Resolution week: a writing project in 2011
In 2010, I set myself to start writing this story idea I had a long time ago during National Novel Writing Month. I finished–not very brilliantly, but I finished. And then, during the first week post-NaNoWriMo, I decided I wouldn’t go back to the story. Better to get out while it was early, so to speak.
Two things changed my mind:
Around the same time, I saw Amos at the office pantry and we caught up and talked about my NaNoWriMo experience. He seemed so genuinely enthused, and interested in the story, and told me stuff that I knew but needed to be reminded of, like that I just needed to have a breather and step back from the story after that mad rush. And so I told myself that I’d give myself that breather and go back to my draft.
Well, so much for that, it was December, I went back to the Philippines for a vacation, there were such a lot of things going on (including machine hiccups, like the battery bloating like a damn balloon) that I never got any writing done.
While in the Philippines though, I was browsing in Powerbooks while waiting for a couple friends when I came across this poster promoting a writer and a book: Samantha Mae Coyiuto’s Flight to the Stars and Other Stories. She was (is) 16 years old, and it was already her fourth book, having started writing since she was six.
I wasn’t very different from that girl. I started when I was seven, I also drew the illustrations for the “self-published” (read: home printer, felt paper cover = win!) short story, and I also wrote short stories. I did not have any mentors until I was well into high school, but I had the support of my family. I was happy for her at the same time that I felt a pang of regret that I let myself be sidetracked.

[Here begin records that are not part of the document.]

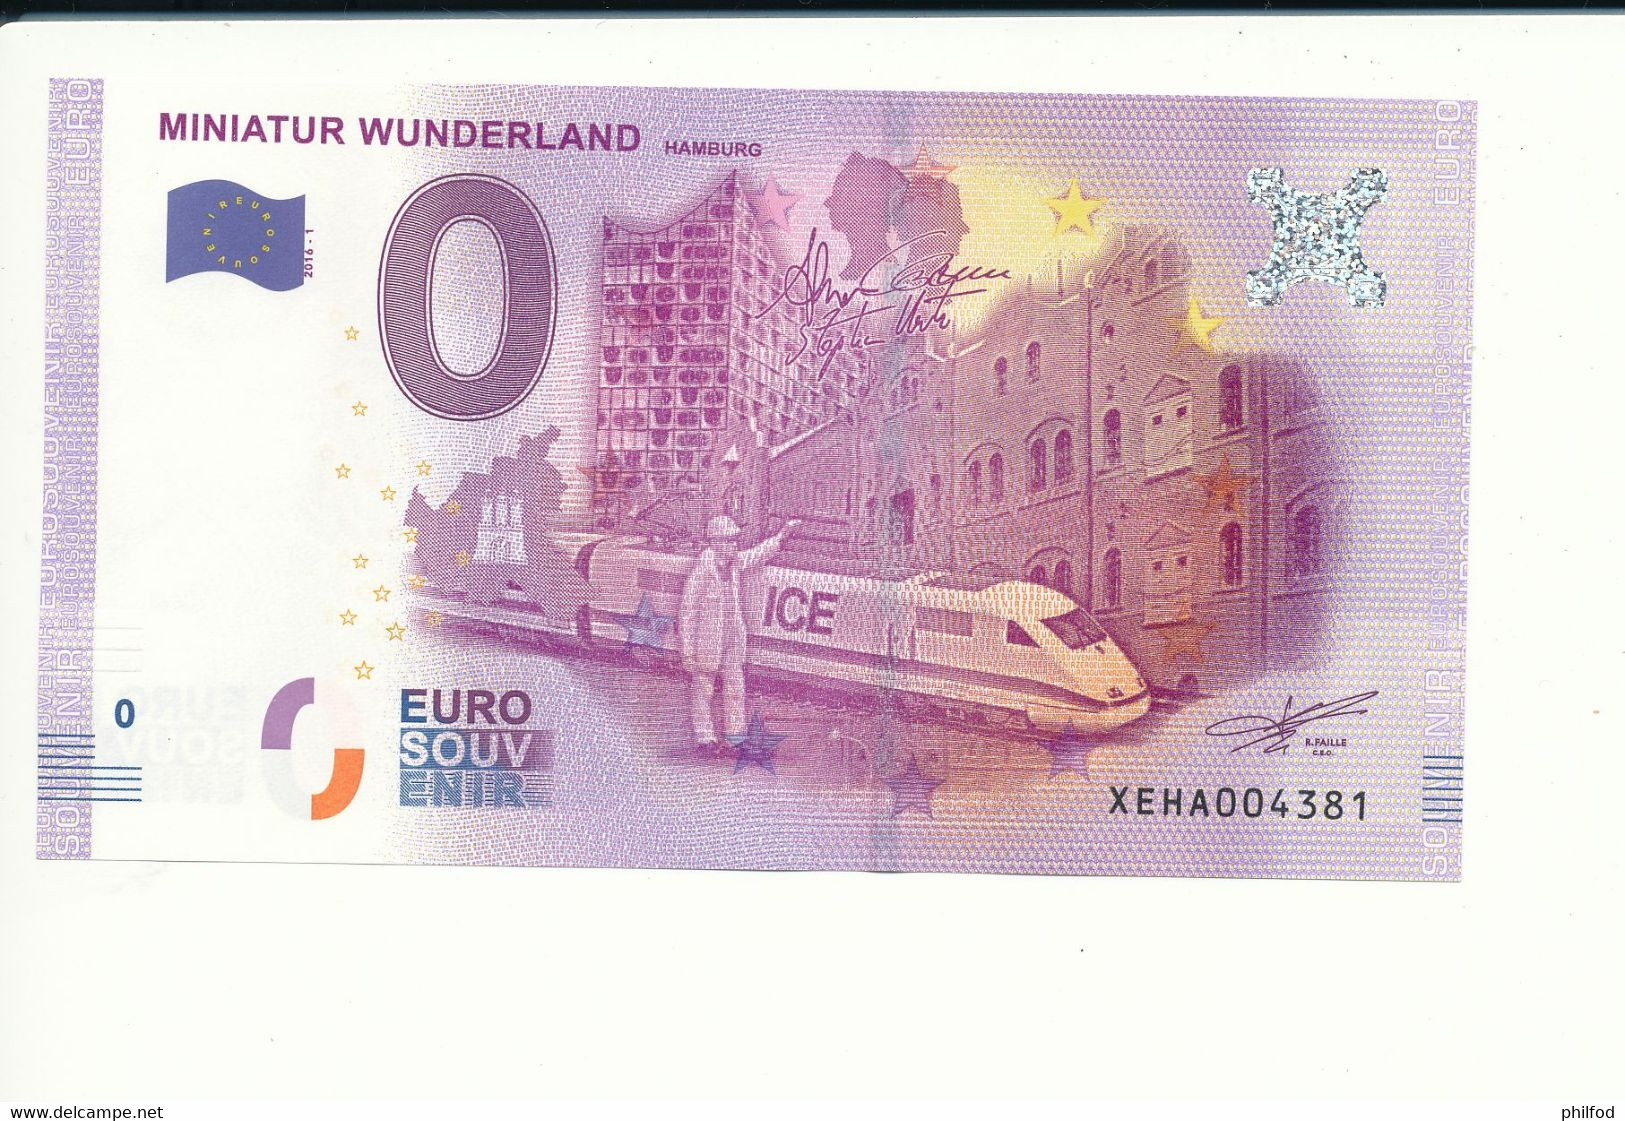 Billet Souvenir - 0 Euro - XEHA - 2016- 1 - MINIATUR WUNDERLAND HAMBURG - N° 4381 - Billet épuisé - Kiloware - Banknoten
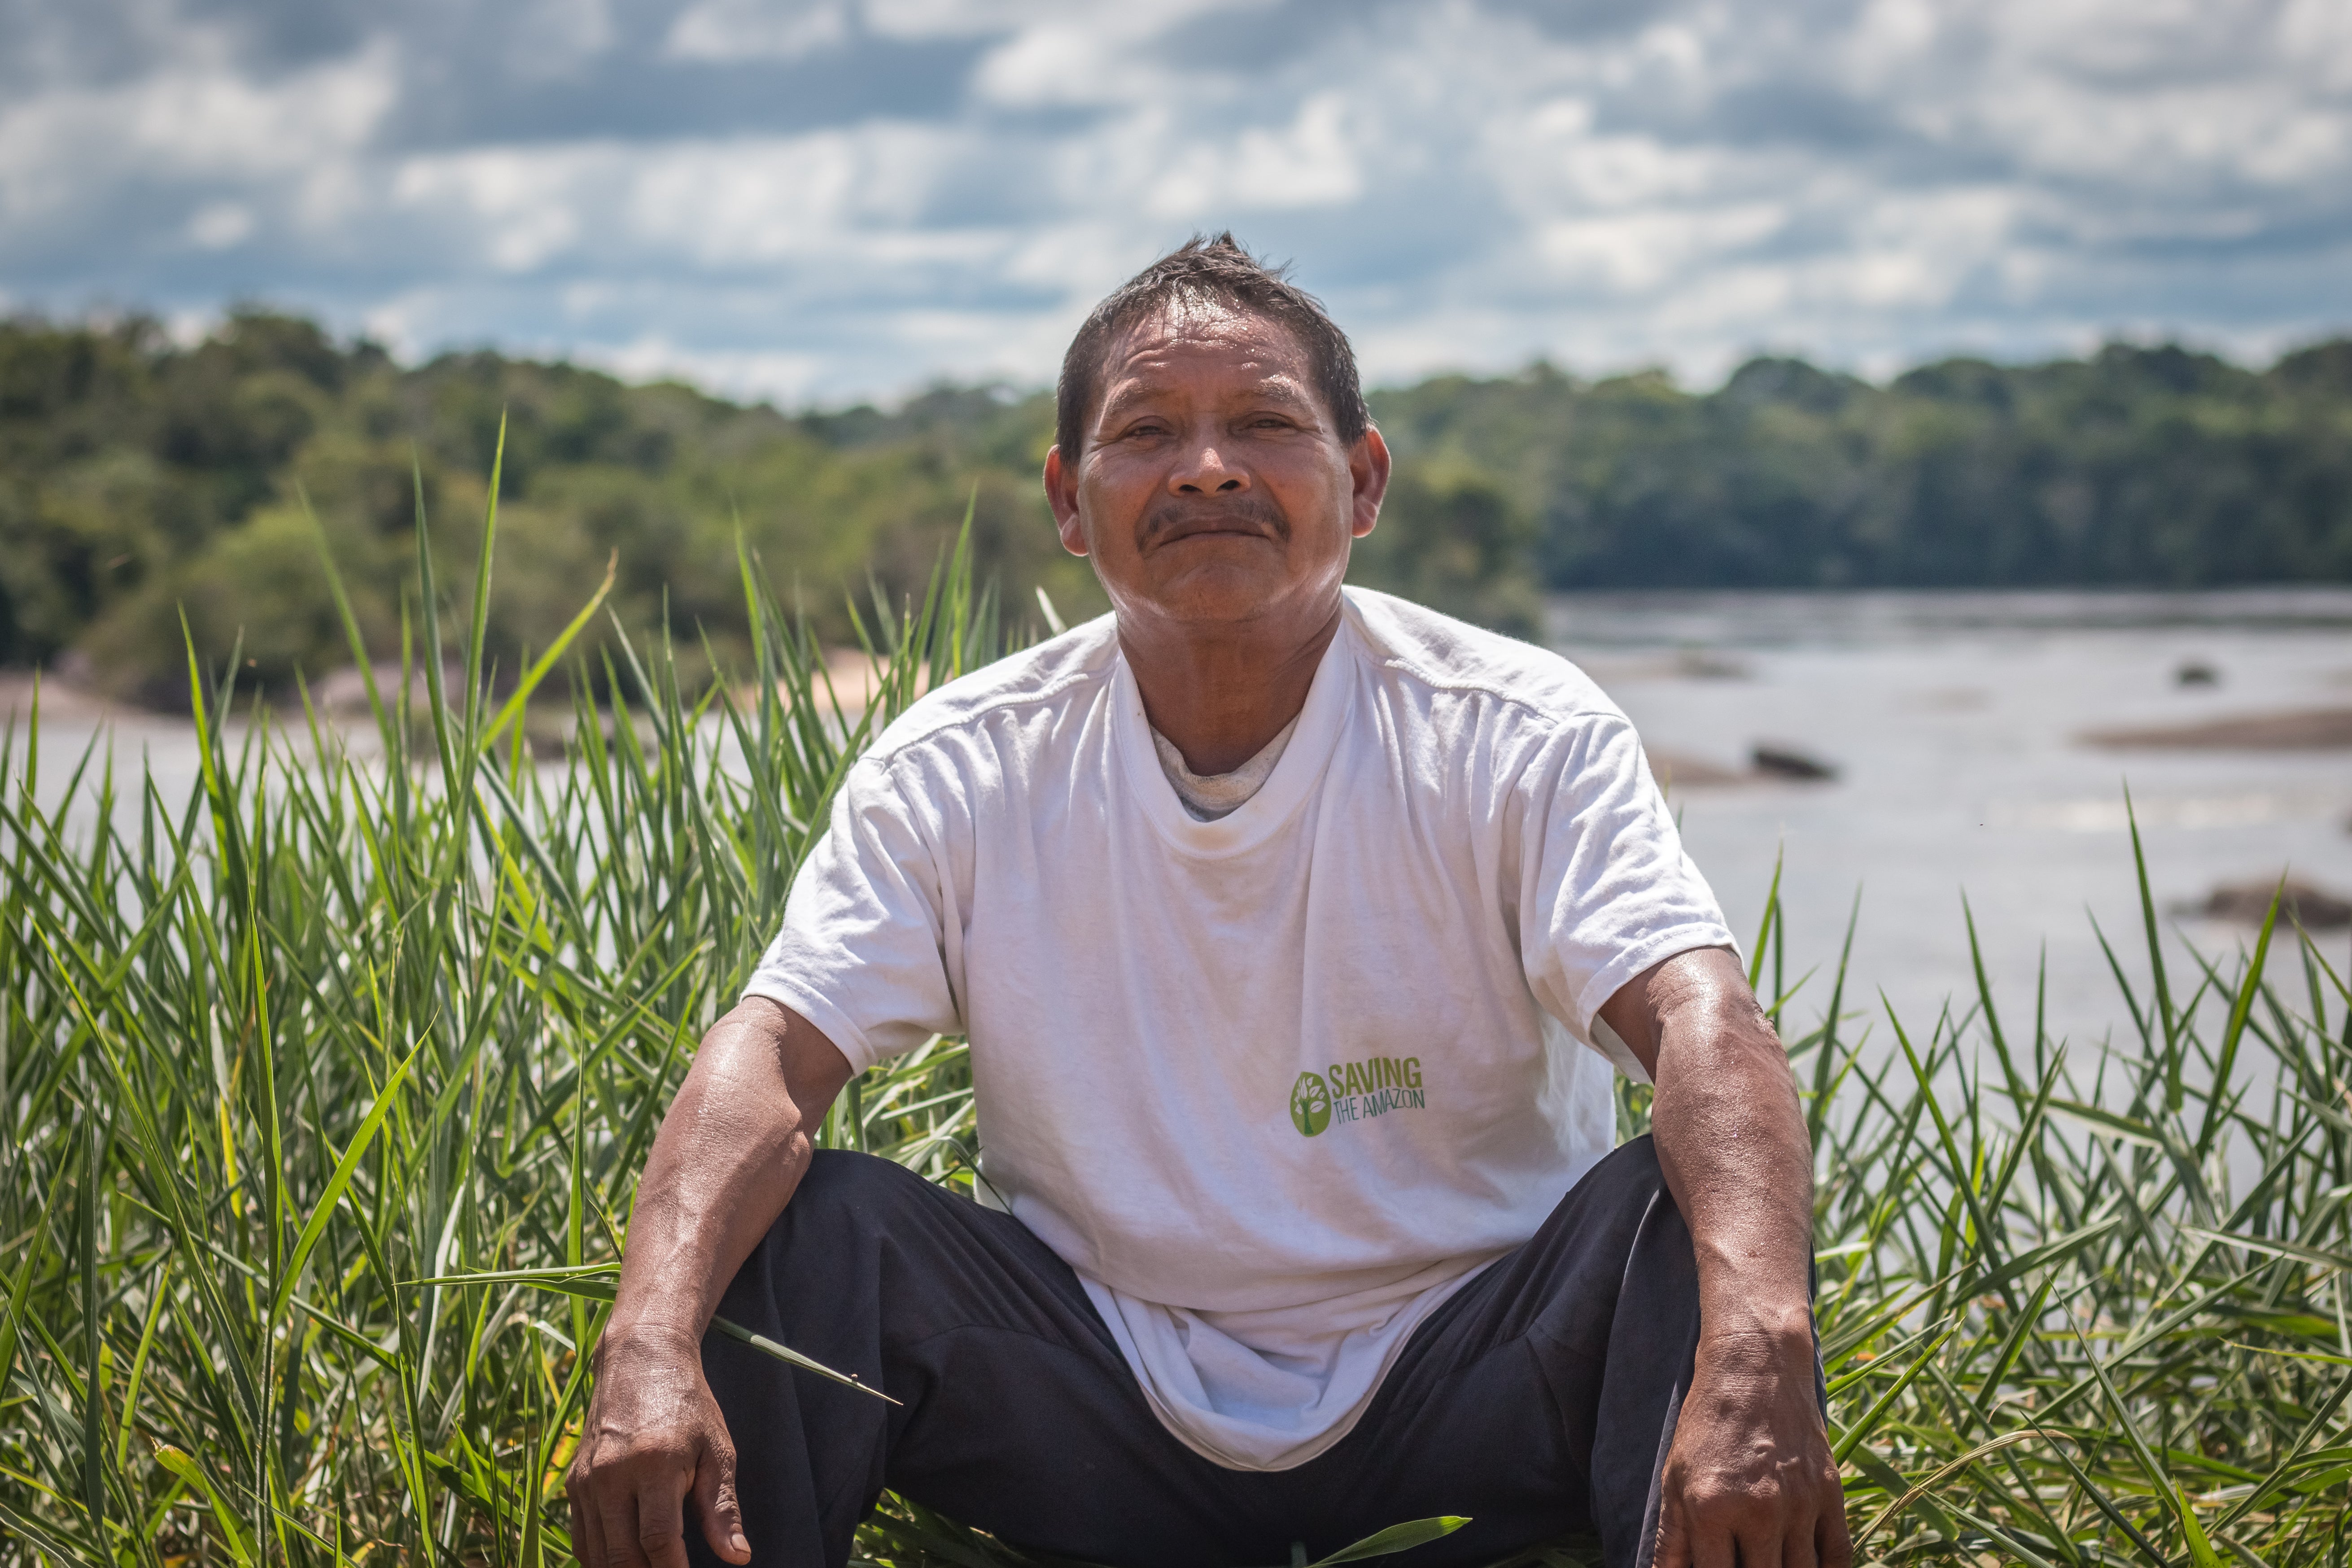 Saving the Amazon and indigenous communities
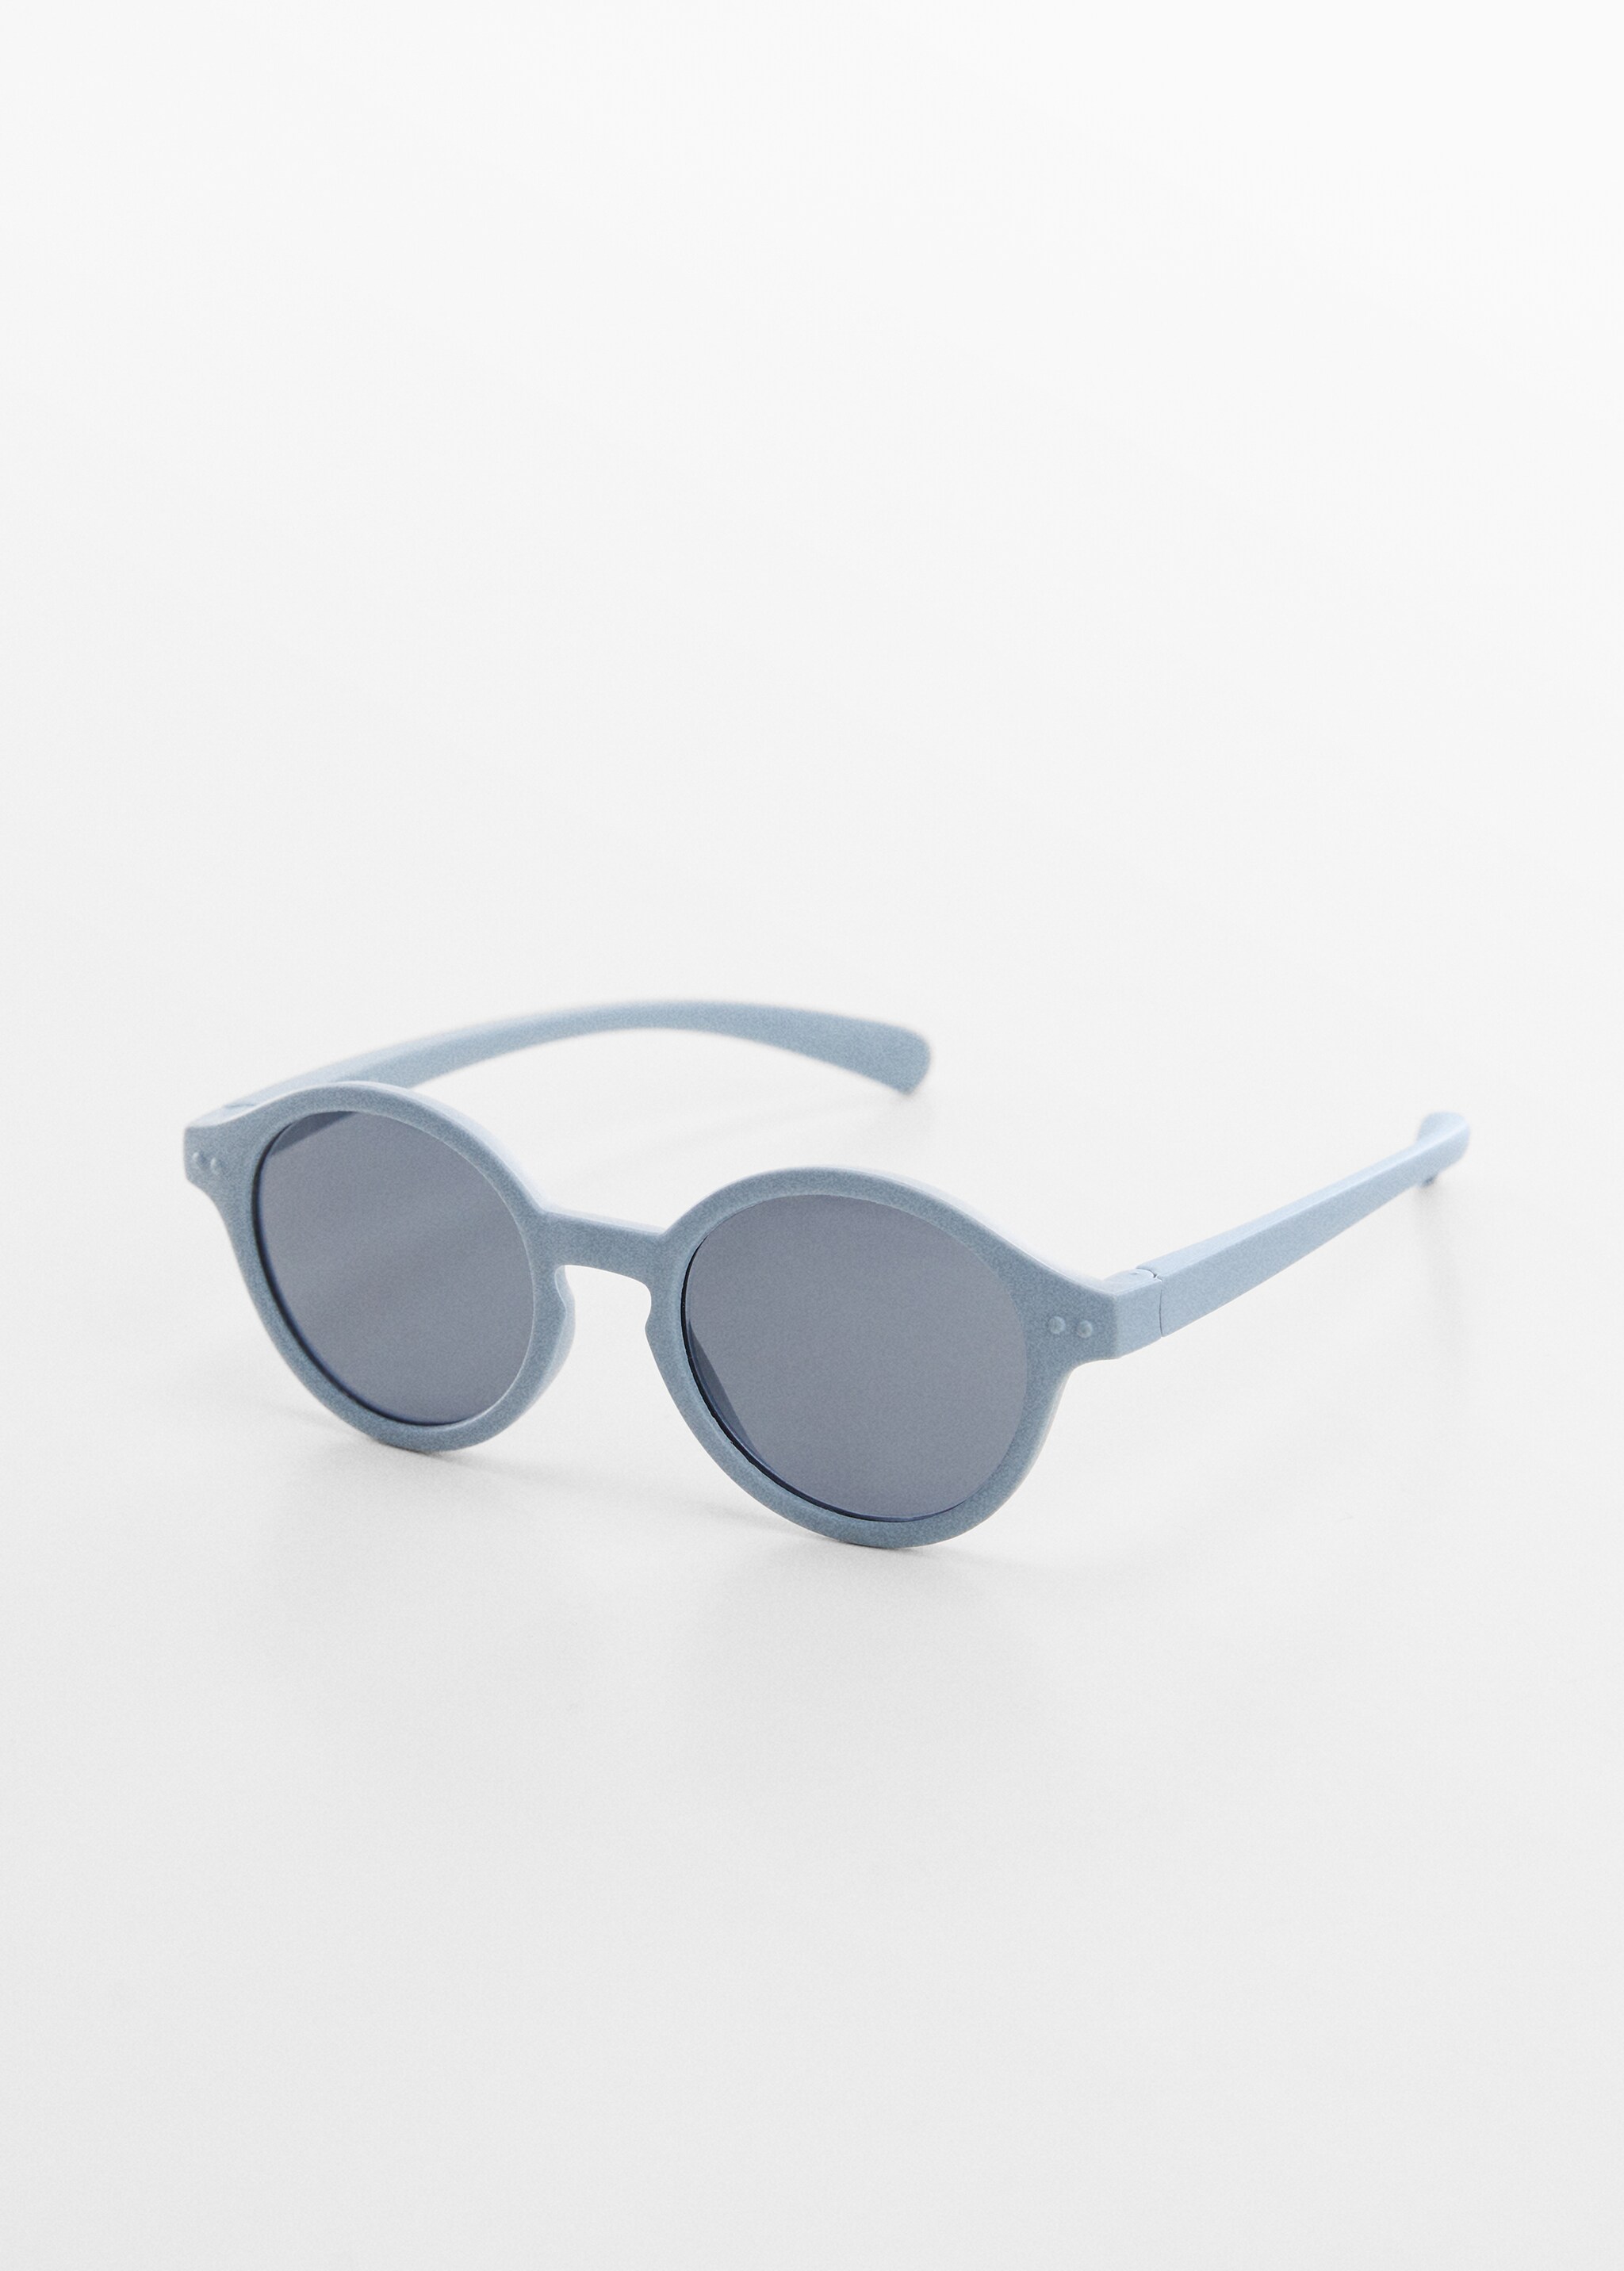 Rounded sunglasses - Medium plane

Because that’s what it is: I let myself be distracted by other things. Up to now, yes. It’s not anyone else’s fault but my own.
So this year, in 2011, I will pick up my NaNo novel and work with it, and get to at least a fourth draft by the end of the year. I need to stop letting distraction, and my fear of failure, to get in the way of getting this done. Is it going to be a good story? Who knows. But that’s exactly it: no one, not even me, will ever know, unless I try.